You can come up with a feeder that they can't throw the feed from. There are different ones around, or come up with your own idea. Or the next day you can give them what they don't eat, and add a little fresh to it. Is it a dove mix that you are feeding? That has more small seeds in it than a pigeon mix. If it is the Vita Dove, Dove and Pigeon mix, that is more for doves. Pigeon mix has more of the larger grains in it. You would probably be better off with that.


----------



## Otis7 (Sep 1, 2012)

It is the dove and pigeon mix. Do you have any specific bands you recommened? How is the kaytee pigeon mix? I'll look into some better feeders.


----------



## Jay3 (May 4, 2008)

The Kaytee is clean, which is what I've been getting because the brand I liked, I can't get here anymore. But I still add things to it to give more variety.


----------



## Otis7 (Sep 1, 2012)

I'll give it a try. What do you add?

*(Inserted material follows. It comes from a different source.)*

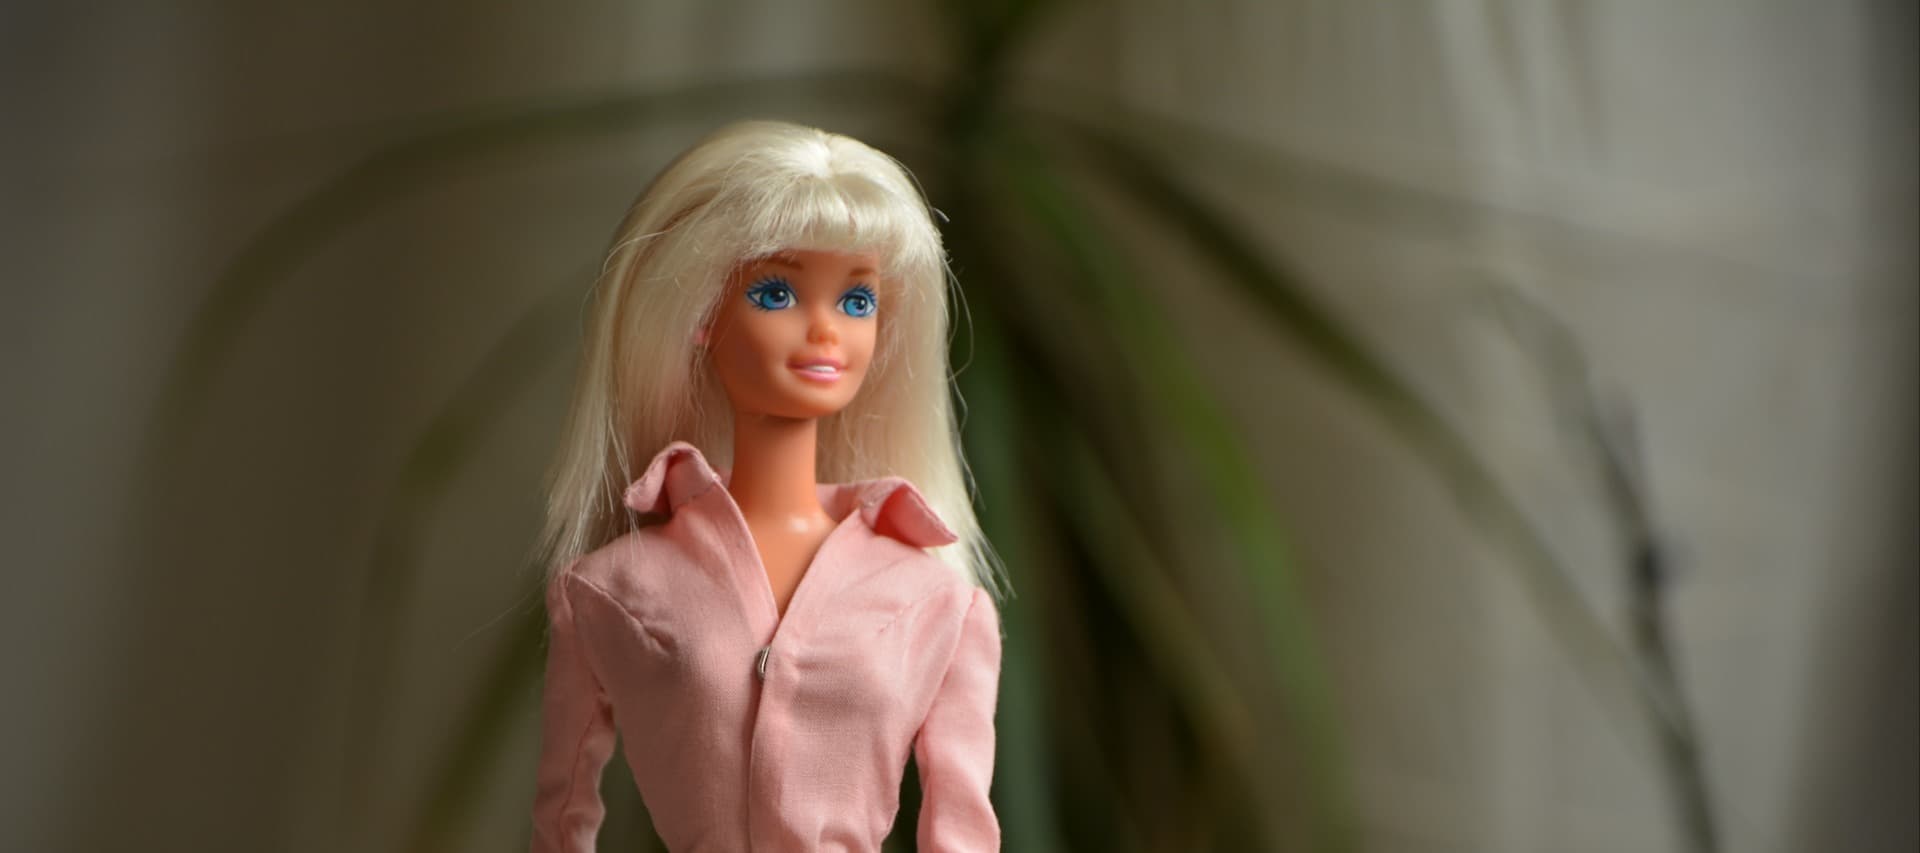 Фото новости: "Роскачество проверит кукол Барби и красную икру"

Does it have split peas? Those are huge with my crew


----------



## Jay3 (May 4, 2008)

No. I always add split peas and lentils, safflower, and cracked corn. Sometimes a bit of austrian peas and hemp. I think there's too much of the red milot in it, but adding the other things works. Walmart sells the split peas and lentils the cheapest that I've found them.


----------



## Lefty07 (Dec 30, 2009)

If we are talking about Ringneck Doves, you might find that they also like to eat regular parakeet / budgie seed mixes - mine do anyway. But there's a lot of millet in those so they may not work for you (...maybe doves just like change? because mine will fly into my finches cage and even eat their tiny seeds sometimes - and they will chase me around the house if they think I have hemp seed!).

For my dove's basic food, I mix a "dove seed" mix with "parakeet / budgie seed". Then I mix in some safflower seed and cracked corn. If I have some on hand, I might also mix in small quantities of hemp seed and parakeet-size pellet food. They seem to like this mix pretty well without discarding too much of it. I haven't tried adding split peas or lentils - I may have to give that a try.

I mix and store this seed in a small metal garbage can (lined with a plastic bag) with a tight fitting lid - to keep out rodents and moths. So if you buy one of those big bags, you might want to consider getting a metal garbage can for storing the seed.

I sometimes give my doves thawed frozen "baby" peas as a treat. If they are small enough (look for "baby peas"), mine will gobble them right up - too many at once though and they will _poop their brains out_! Mine also like egg food (finely mashed hard-boiled egg) a couple times a month - or daily when feeding young.


----------



## Jay3 (May 4, 2008)

I believe he only has pigeons.


----------



## Lefty07 (Dec 30, 2009)

Woops! I thought he had doves. If it's Pigeons, forget about my food advice! I only know Ringneck Doves!


----------



## Jay3 (May 4, 2008)

The dove mix is okay if that is all you can get, and you add to it. But the seeds in it are really too small for a pigeon.


----------



## spirit wings (Mar 29, 2008)

Otis7 said:


> I've been buying vita dove from our feed store, but at nearly 7 dollars and a small bag it's draining my pet food budget. I saw some 50 pound bags on amazon for around 30 to 40 dollars and was considering buying one of those. It would take a long time to go through, I only have 5 birds, but would be much more cost affective and as far as I know seed should last quite awhile.
> 
> Also, any suggestions on eliminating feed waste? Mine eat out of small dog bowls. It seems no matter the filling level the food is everywhere, and as soon as it hits the ground they snub it. I am also often left with a bowl full of millet and other small seeds, the good stuff goes quick. Force them to eat it? Or refill? I always give them a fresh scoop, should I be tougher on them?


first you can buy a 40 or 50 lb bag of pigeon feed at a feed store , you need to call around and ask, google feedstore and your town. you can get it home and seperate it in gallon freezer bags and put those in a tight container for use later. 

Now you have 5 doves. google again pigeon supply, shop some sites, buy a coverd feeder by all means.

Now you have your coverd feeder, still do not over feed your pigeons, they will get picky and sling food and only eat the favorites. leave some feed down only what they eat in a days time, DO NOT ADD ANY NEW ON TOP OF UNEATEN FEED. leave the feed down till it is about gone only a few grains rolling around..feed then again and do not add or refill feeder till it is gone, this way they eat more varity and do not waste feed.


----------